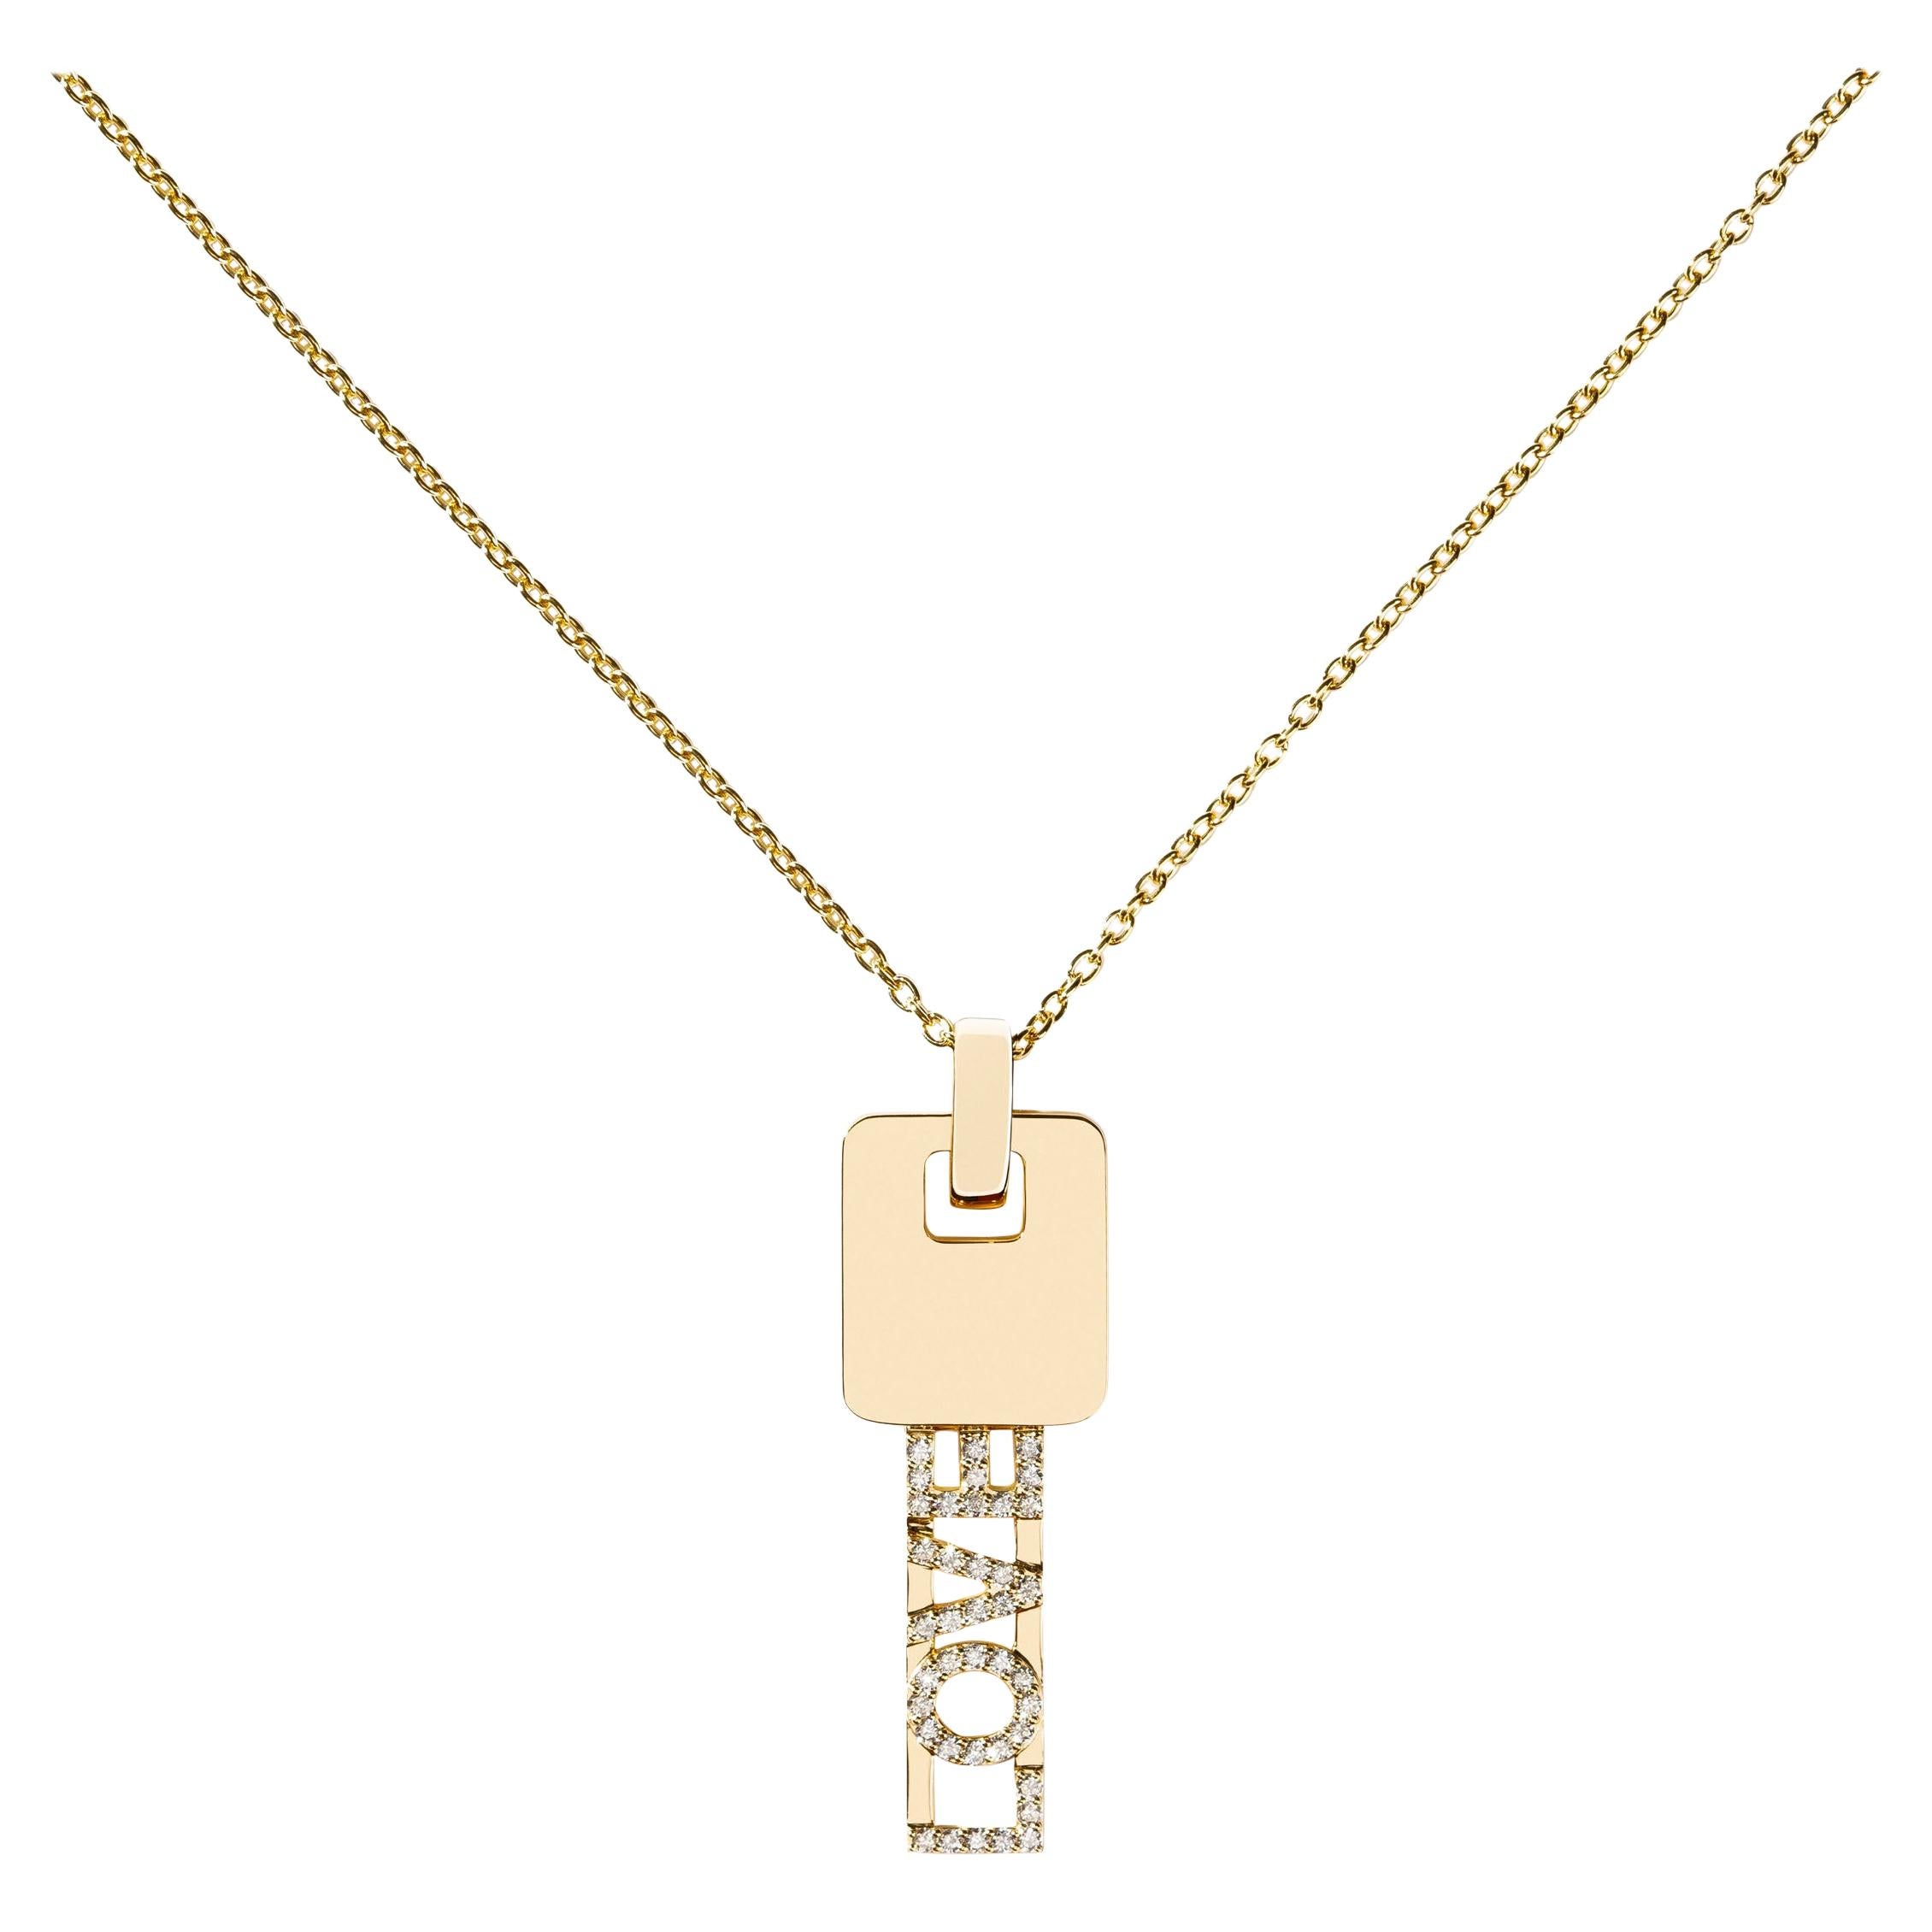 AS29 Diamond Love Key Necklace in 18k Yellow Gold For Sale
---------------
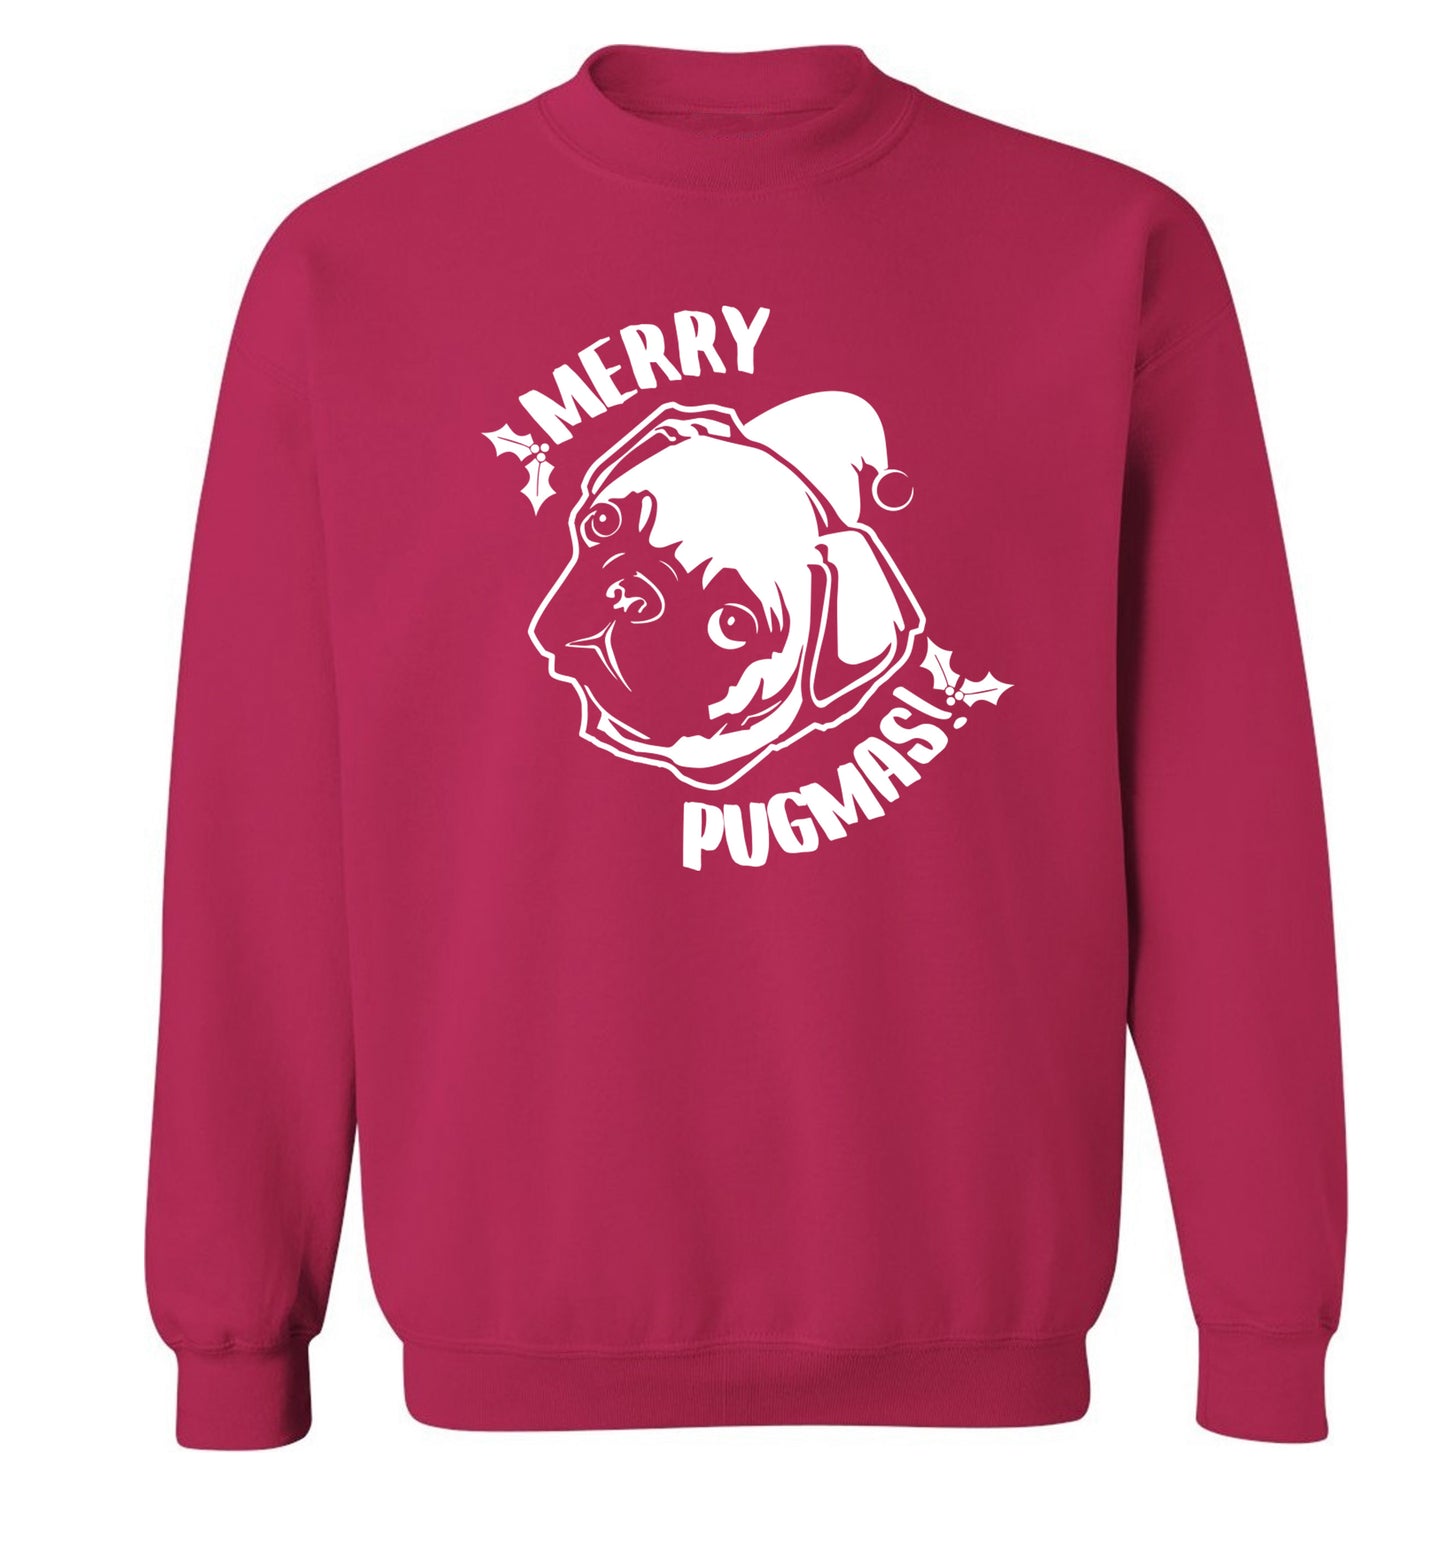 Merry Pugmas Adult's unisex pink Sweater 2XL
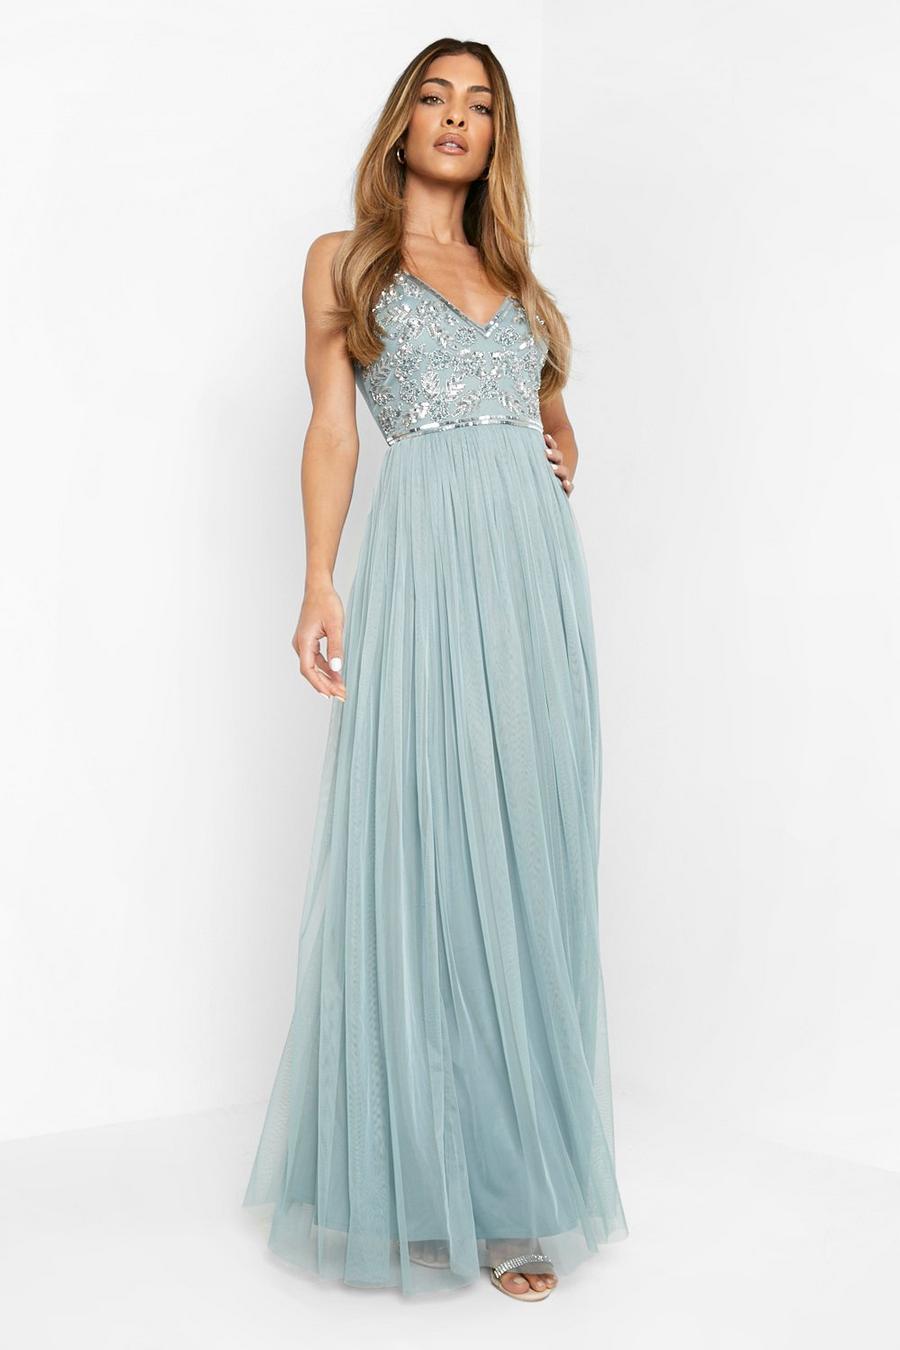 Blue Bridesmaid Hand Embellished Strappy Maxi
---------------
### TASK STATEMENT
Using the entries above, transcribe every line from the line containing "Merry Pugmas Adult's unisex pink Sweater 2XL" through the line containing "Blue Bridesmaid Hand". Do not copy pictures.

### YOUR SOLUTION
 Merry Pugmas Adult's unisex pink Sweater 2XL
 Blue Bridesmaid Hand Embellished Strappy Maxi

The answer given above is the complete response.